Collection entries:
======
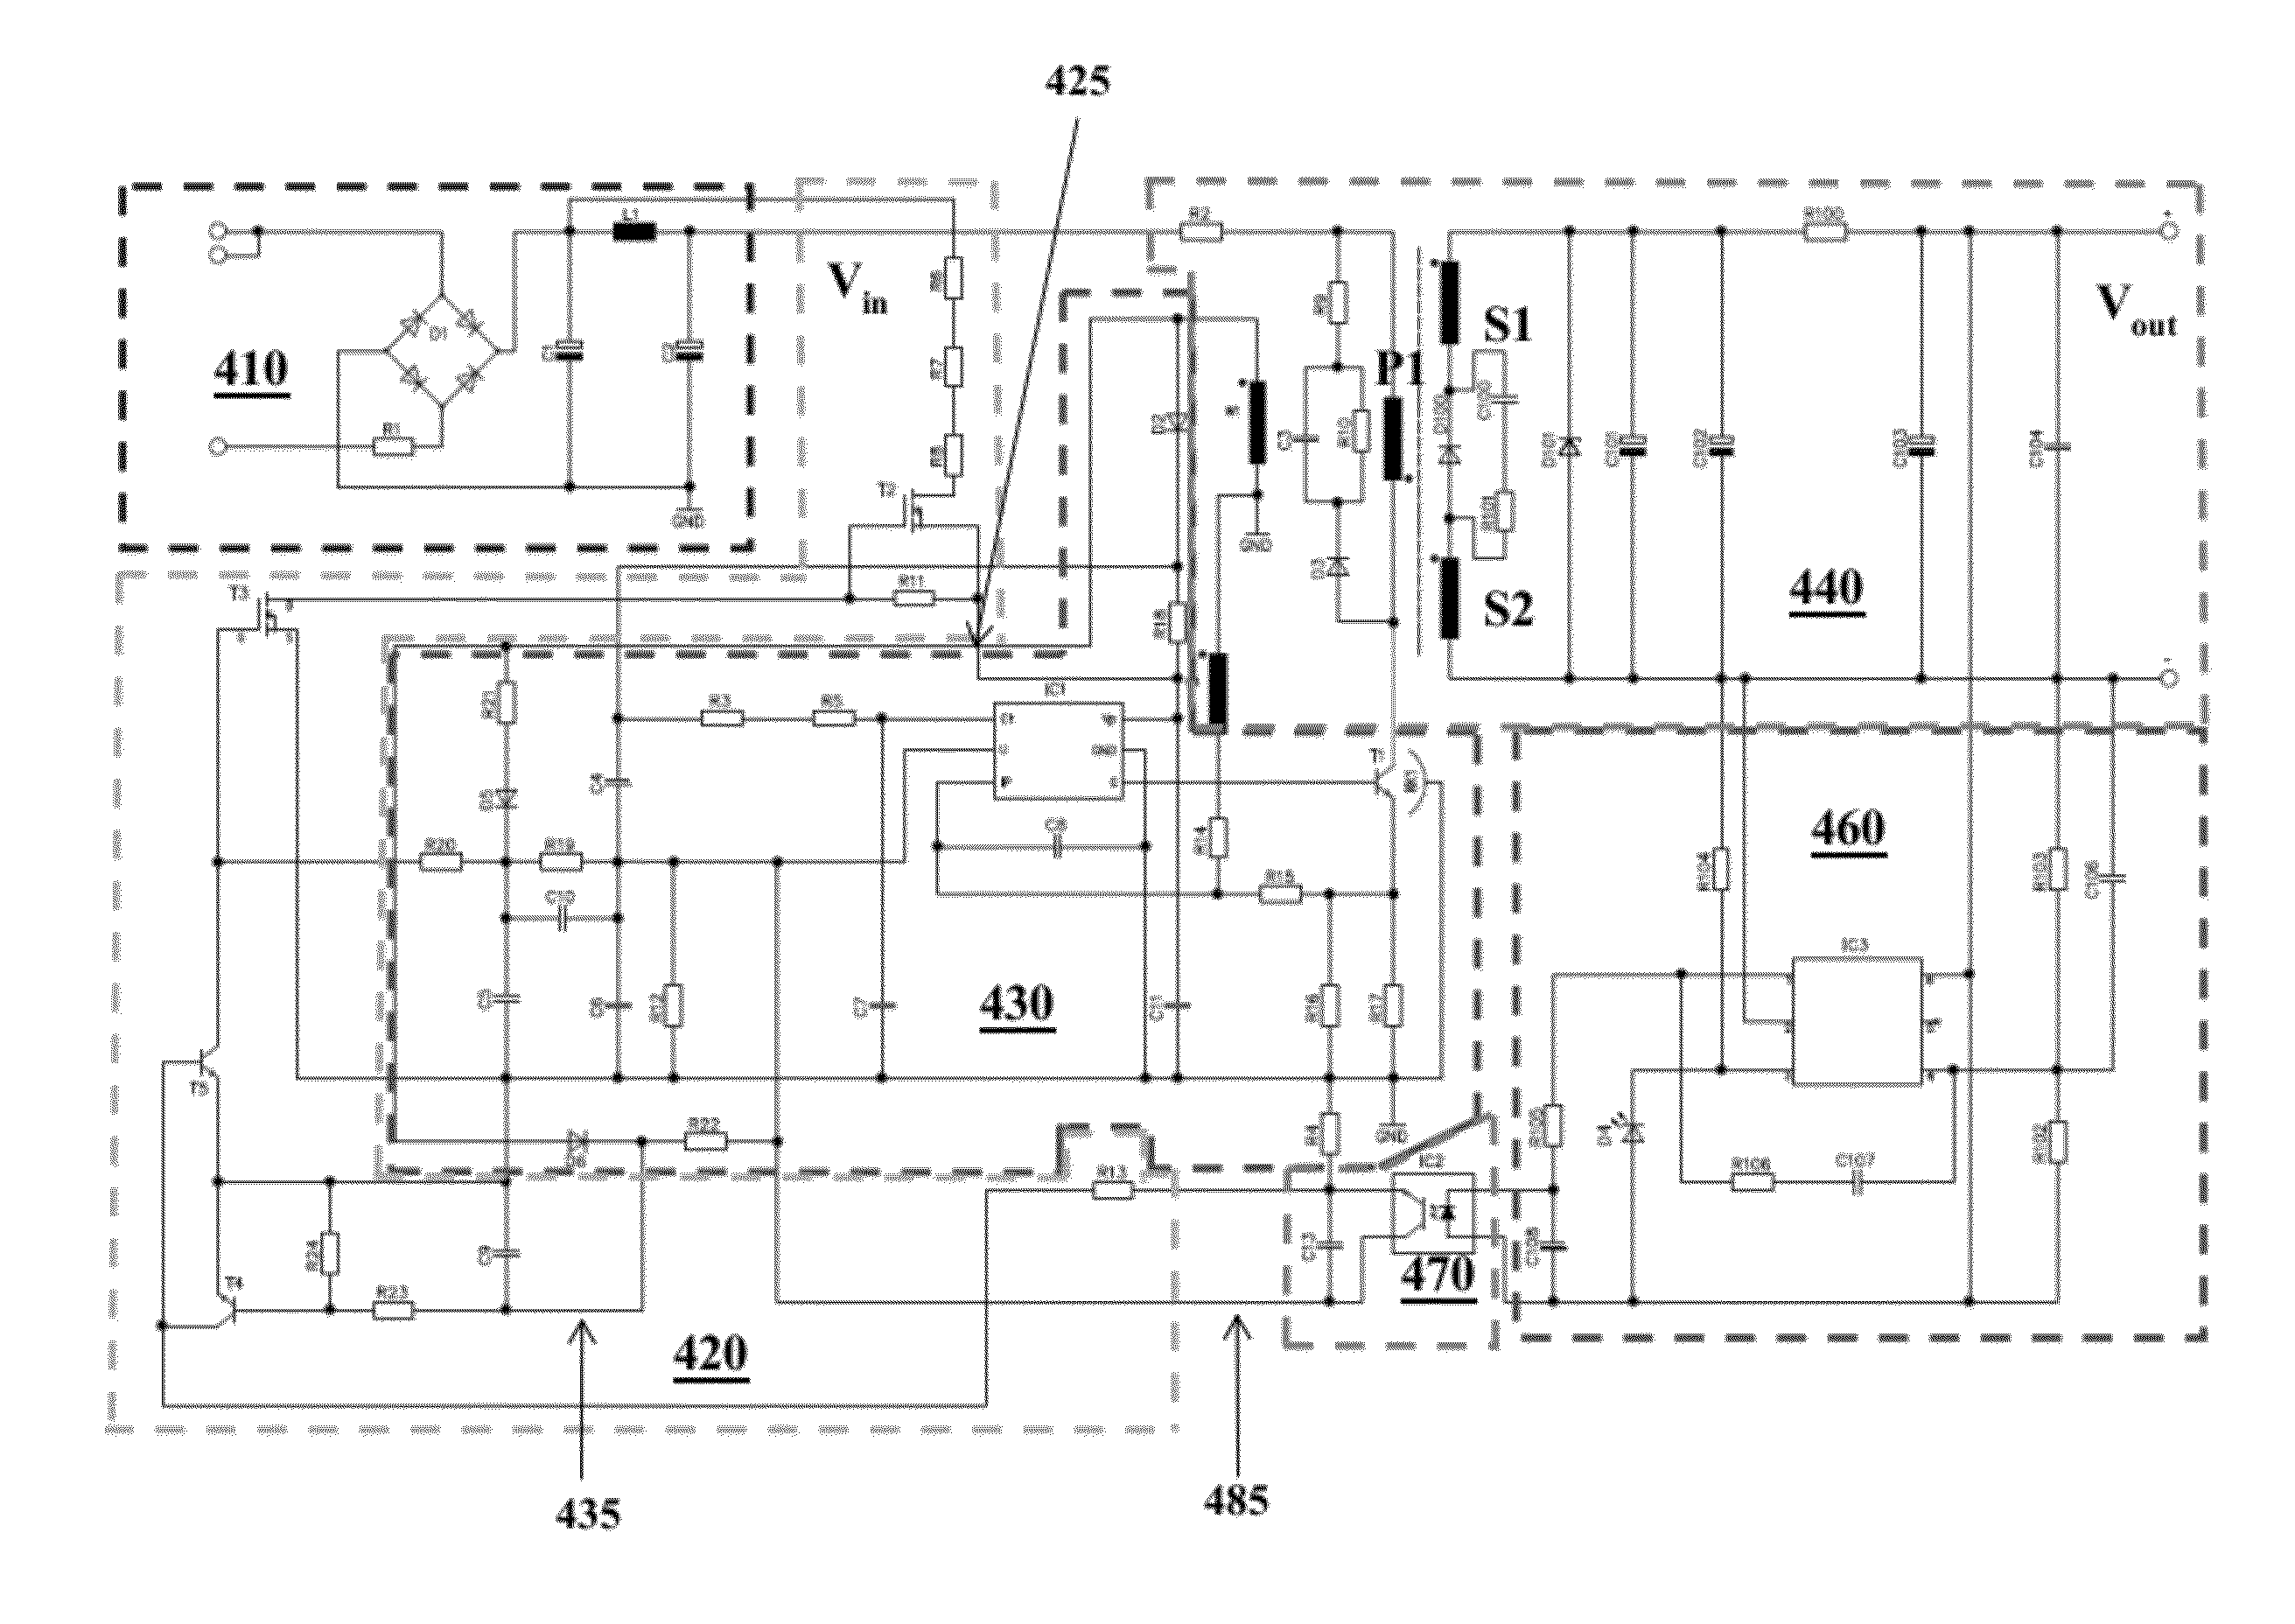 Power converter with reduced power dissipation
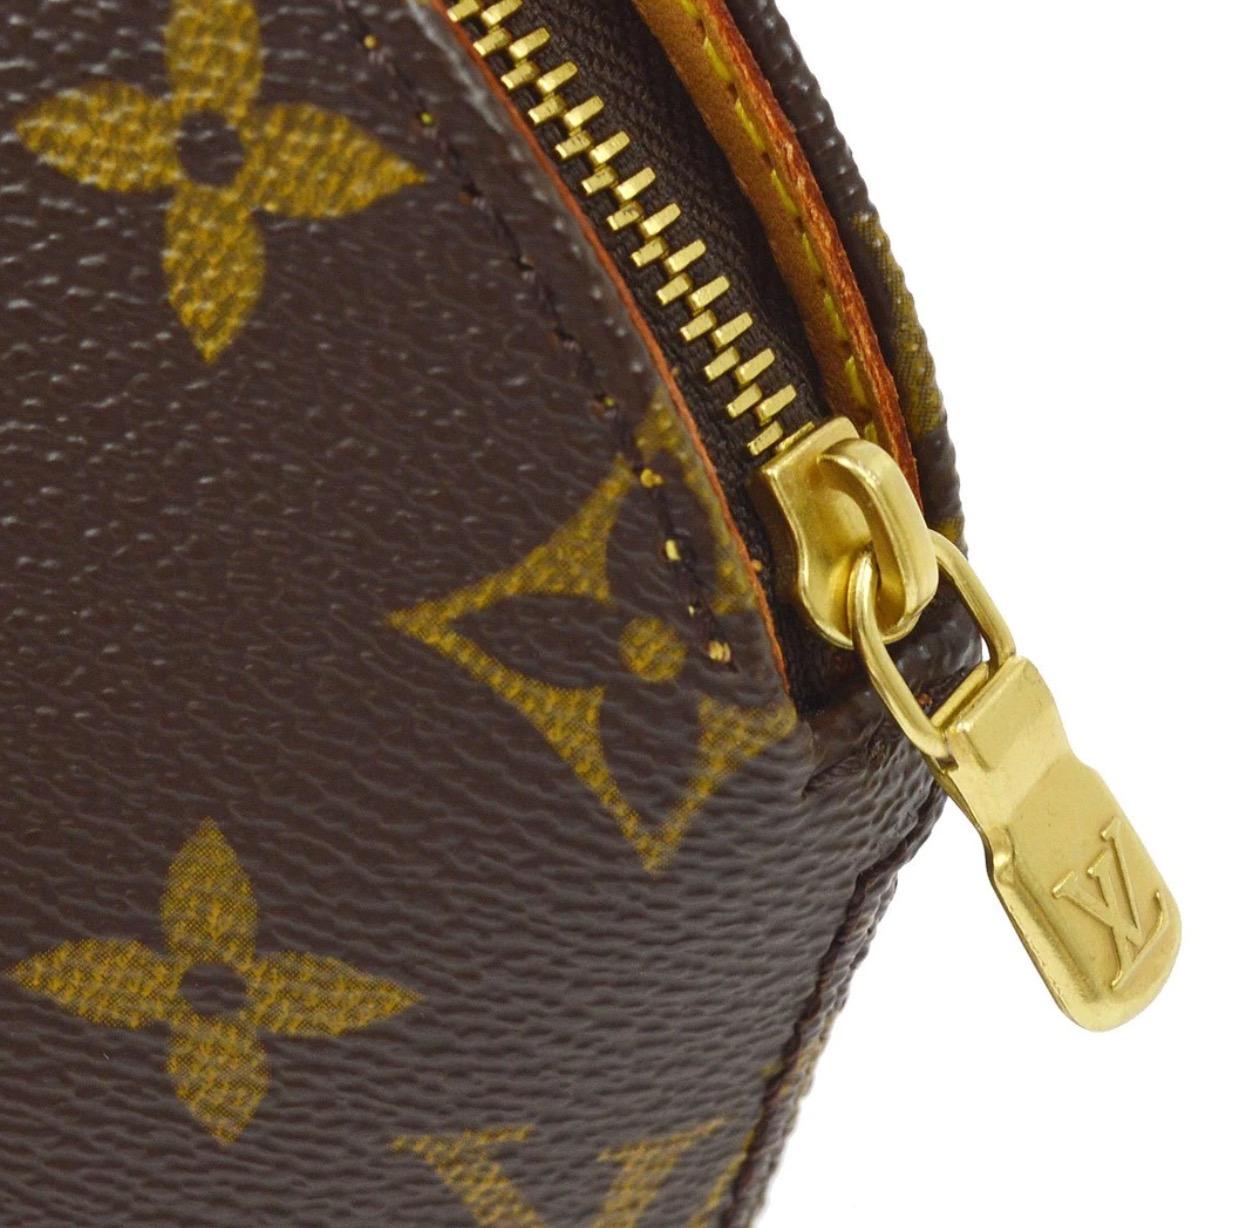 Monogram canvas
Leather
Gold tone hardware
Woven lining
Zipper closure
Date code present
Measures 4.25
======
• _WHAT THIS TASK INVOLVES_:
Write the "Woven lining" line and all later lines exactly. Stop at the end of the data.

• _REPLY TO THE TASK_:
Woven lining
Zipper closure
Date code present
Measures 4.25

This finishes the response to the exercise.